Il y aurait bien des choses encore à dire sur cette âme inférieure, véritable soutien d’une vie normale, fléau d’une vie corrompue. Je t’avoue que, si je la traite d’inférieure, c’est parce que, en lisant Laugel, je me suis imprégné à mon insu de sa technologie. Il est difficile de se préserver de cet entraînement en suivant la pensée d’un éloquent écrivain ; mais, en y réfléchissant, en reprenant possession de mon moi intérieur, je trouve qu’il a trop vu la face excessive et repoussante de cette âme qu’il qualifie de spécifique. D’abord est-elle spécifique d’une manière absolue ? offre-t-elle à des degrés identiques les tendances nombreuses de la vitalité ? est-elle la même dans un sujet malade et dans un individu sain ? Dans tous les cas, son rôle n’est pas la satisfaction isolée d’elle-même, puisqu’il lui faut l’assistance du cerveau, c’est-à-dire de la faculté de comparer, pour arriver à son entier développement de jouissance. L’amour chez l’homme distingue la beauté de la laideur en toute chose. Ses appétits s’aiguisent par la qualité des aliments. L’âme instinctive dans un sujet normal serait donc la sœur jumelle ou l’épouse irrépudiable de l’âme personnelle. Cette âme, dite supérieure, n’est supérieure que dans notre appréciation.

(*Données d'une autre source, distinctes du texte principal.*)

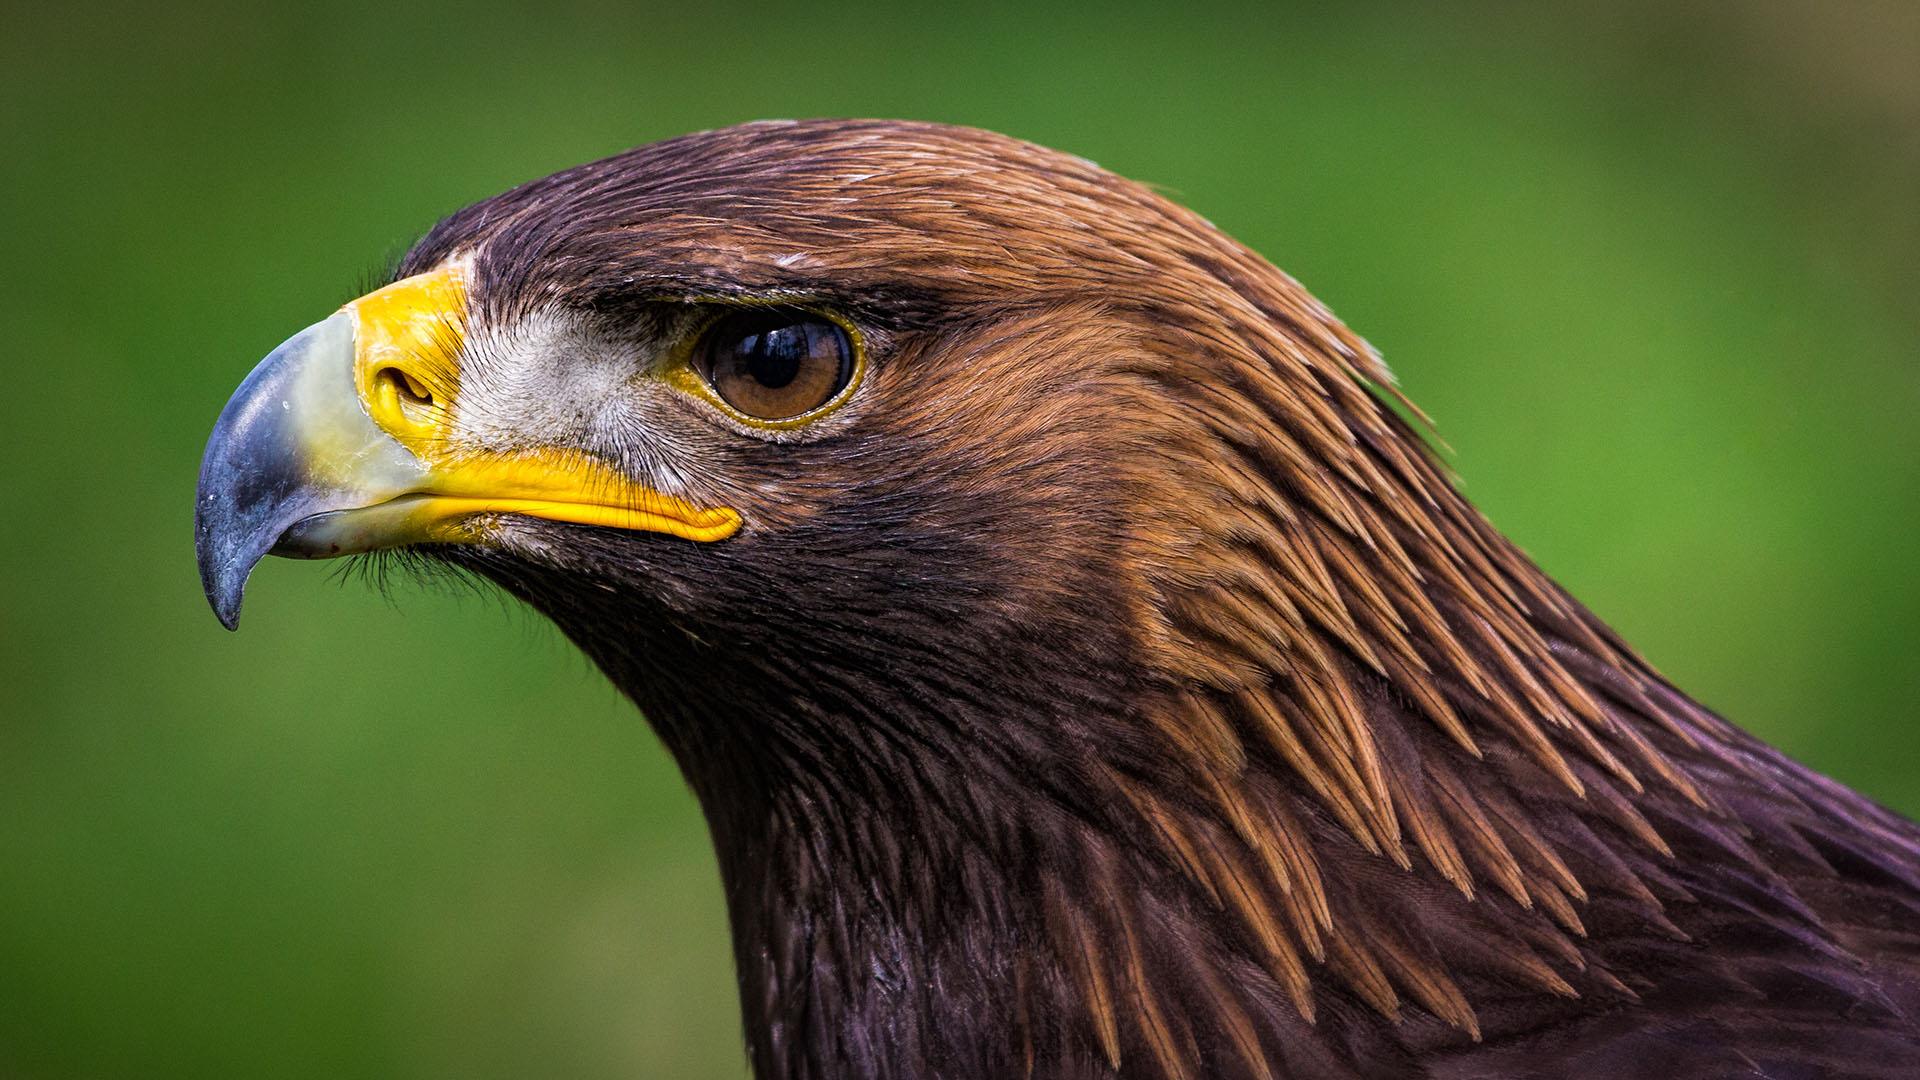 Steinadler (Aquila chrysaetos) by Michael Weidemann / Animals - 2015 ... Street

Elle a besoin du contentement et du consentement de l’âme instinctive pour être lucide, et, de ce que cette princesse daigne absorber les fruits de vie que cette paysanne lui cultive, il ne résulte pas que l’âme universelle maudisse l’une pour bénir l’autre. L’âme personnelle doit commander, cela est certain ; mais nos préjugés sociaux nous font méconnaître l’égalité qui existe entre ce qui commande et ce qui obéit en vertu d’une fonction de réciprocité. La plante obéit à l’insecte quand elle subit l’effet de sa faim ; mais, quand l’insecte féconde la plante en transportant sa poussière séminale de fleur en fleur, il sert la plante.

Tel est à peu près l’échange entre l’esprit et l’instinct. Ils se nourrissent et se fécondent mutuellement. Si l’esprit se plaint amèrement de la bête, c’est peut-être parce que la bête a aussi à se plaindre de l’esprit.

Mais ce n’est pas mon état de tant philosopher, et je demande que ceux qui savent m’instruisent. Si j’ai lieu d’être reconnaissant envers quelques-uns, je suis impatienté contre plusieurs autres qui pourraient nous enseigner (ce n’est pas le talent qui leur manque), et qui ne nous apprennent rien.

Vivons par toutes nos âmes, mais vivons en gens de bien, et, comme l’éphémère dans le rayon éternel, buvons le plus possible de chaleur et de lumière. En avions-nous donc trop, hélas ! pour que l’on cherche à nous en ôter ?

  1. Lettres d’un voyageur./>
  2. Auguste Laugel, des Problèmes de l’âme. Paris, 1868.
  3. Laugel, Problèmes de l’âme.
  4. Ébauche d’un glossaire du langage philosophique. Paris, 1853.